Лишь только женщина начала извиваться, как Энасси отдернул руки и
слегка отступил от стола. Стоял и ждал, пока она успокоится, с лицом
бесстрастным и невозмутимым. Он знал, что делает, знал, как это надо
делать, и ему не требовалось даже смотреть на то, что перед ним лежало,
чтобы делать это. Смотреть? Зачем - если то, с чем он сейчас боролся, не
имело пока ни формы, ни какого-либо видимого образа. Только предельно
развитые чувства позволяли ему улавливать его движения - и действовать
самому. Предельно развитые чувства - они ведь не давались даром, чтобы
обрести их, приходилось пройти через огромную боль и муку. Я бы так не
смог, повторял про себя Гайдли, я бы так не смог.
Женщина постепенно успокаивалась, и наконец снова застыла в полной
неподвижности - только дышала, все так же прерывисто, нерегулярно. На
левой груди - там, где ее коснулась рука Энасси - возникло ярко-красное
пятно, как от ожога. Энтар, энтар! - думал Гайдли, разглядывая это пятно,
- это энтар! Будь все проклято в этом мире!
И снова руки Энасси вытянулись над телом женщины и пошли, преодолевая
сопротивление, вниз. И снова ожидаемый, и все же неожиданный
нечеловеческий вопль. И снова-ярко красные пятна - теперь на шее и на
животе. И снова постепенно замирающие конвульсии. И снова и снова то же
самое, пока наконец, когда Гайдли уже начало казаться, что сам он скоро не
выдержит этой пытки, профессор не вскочил с места и не принялся биться
всем телом о невидимую стену перед собой.
- Остановите его, остановите! - кричал он, в кровь разбивая кулаки. -
Остановите!
Гайдли с трудом удалось усадить его на место.
- Скоро, профессор, теперь уже скоро, - говорил он, не давая Диллету
подняться, а сам только на это и надеялся - что уже скоро. Потому что и у
него уже сил не было смотреть на эту пытку.

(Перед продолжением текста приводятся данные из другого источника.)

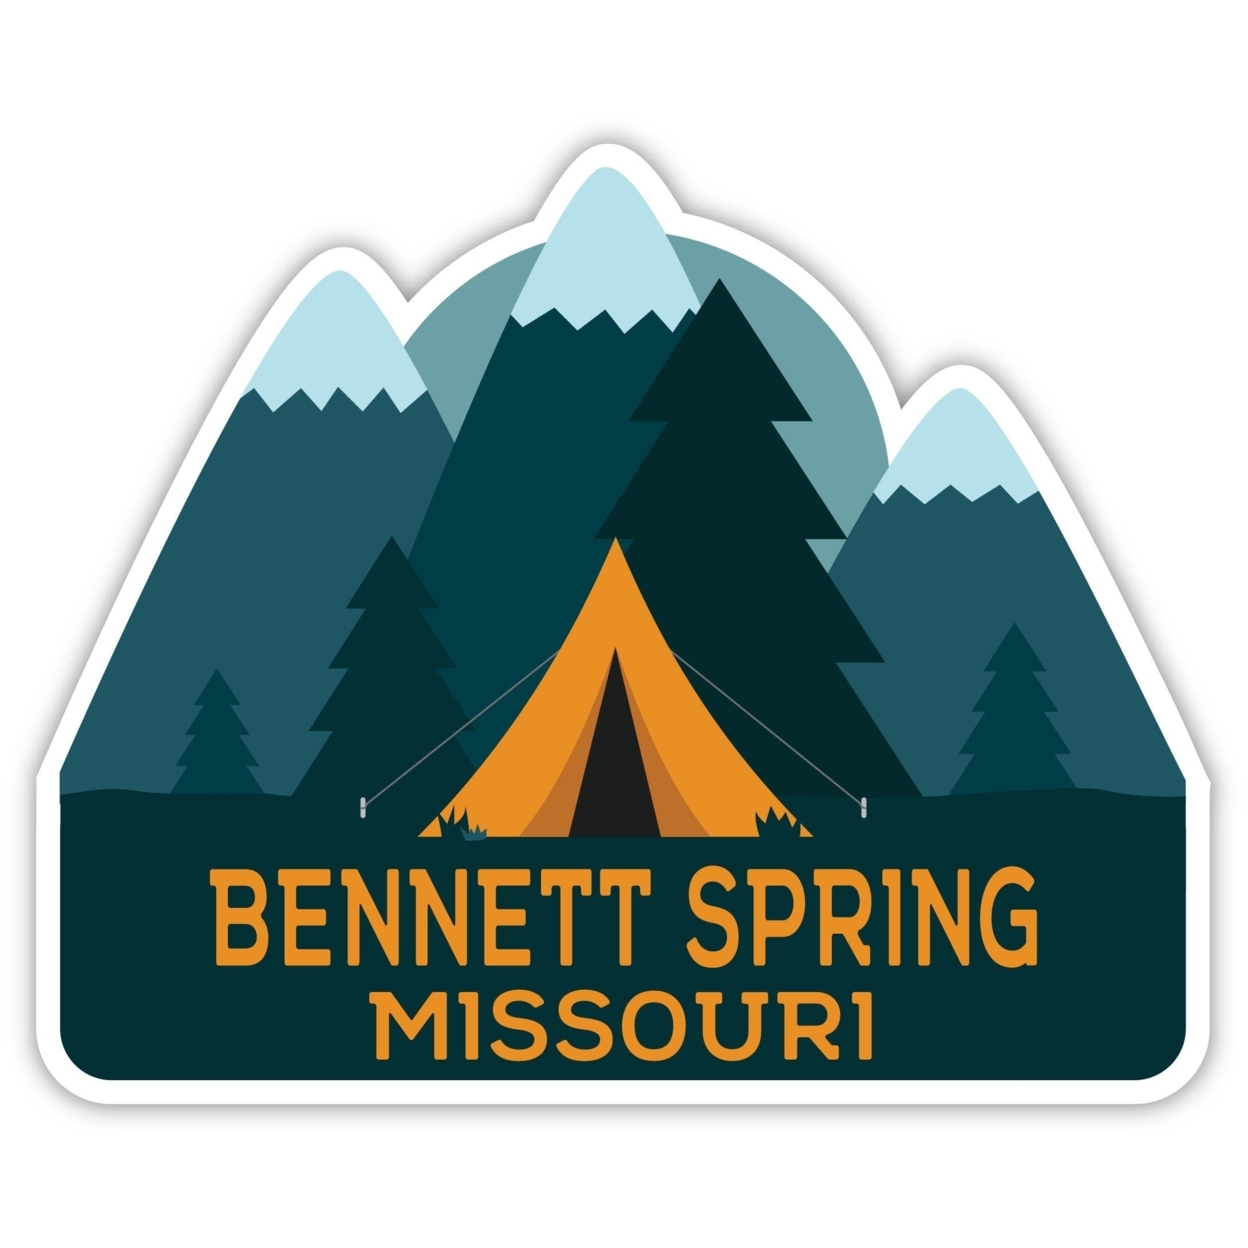 Bennett Spring Missouri Souvenir Decorative Stickers (Choose Theme And Size) - Single Unit, 6-Inch, Tent

Но пытка все не кончалась. Профессор больше не пытался вырваться, он
сидел теперь неподвижно, но плечи его сотрясались от рыданий, а по лицу
катились крупные слезы. Но он молчал и не отворачивался. Не отворачивался
и не закрывал лицо руками - это было главное. Он должен увидеть все -
тогда его самого еще можно будет спасти. Даже после такого потрясения.
Медицина все-таки многого достигла, медицина порой по нескольку раз
выхватывала людей с того света. Даже людей, околдованных энтарами, даже
привязанных к ним невидимыми нитями, даже тех, кто не хотел больше жить,
потеряв своего энтара. Но было лишь одно необходимое условие для спасения
таких людей - чтобы они сами почувствовали к энтару безмерную ненависть и
отвращение, такую ненависть и отвращения, которые перекрыли бы все
воспоминания о прошлом. Путь мучительный - но необходимый. Единственный,
дающий надежду.
А потому пусть профессор смотрит и видит все, думал Гайдли, сам уже
не глядящий на экран. Пусть смотрит и видит - тогда мы еще сумеем его
спасти. Я, я буду спасать его. Я это умею - спасать людей. Пусть я гораздо
хуже, чем Энасси, справляюсь с энтарами, но спасать людей я пока что умею.
Умею, умею, умею, все повторял и повторял он, не замечая, что говорит эти
слова вслух. Но Диллет, конечно, ничего не слышал, да и трудно было что-то
услышать: все звуки давно уже перекрывал нечеловеческий вопль из
операционной - уже непрерывный, уже привычный.
И тут, совершенно неожиданно, стало тихо. Так тихо, что Гайдли
услышал даже, как колотится его собственное сердце. Так тихо, что даже уши
заложило от этой тишины.
- Она что, уже умерла? - услышал он шепот профессора.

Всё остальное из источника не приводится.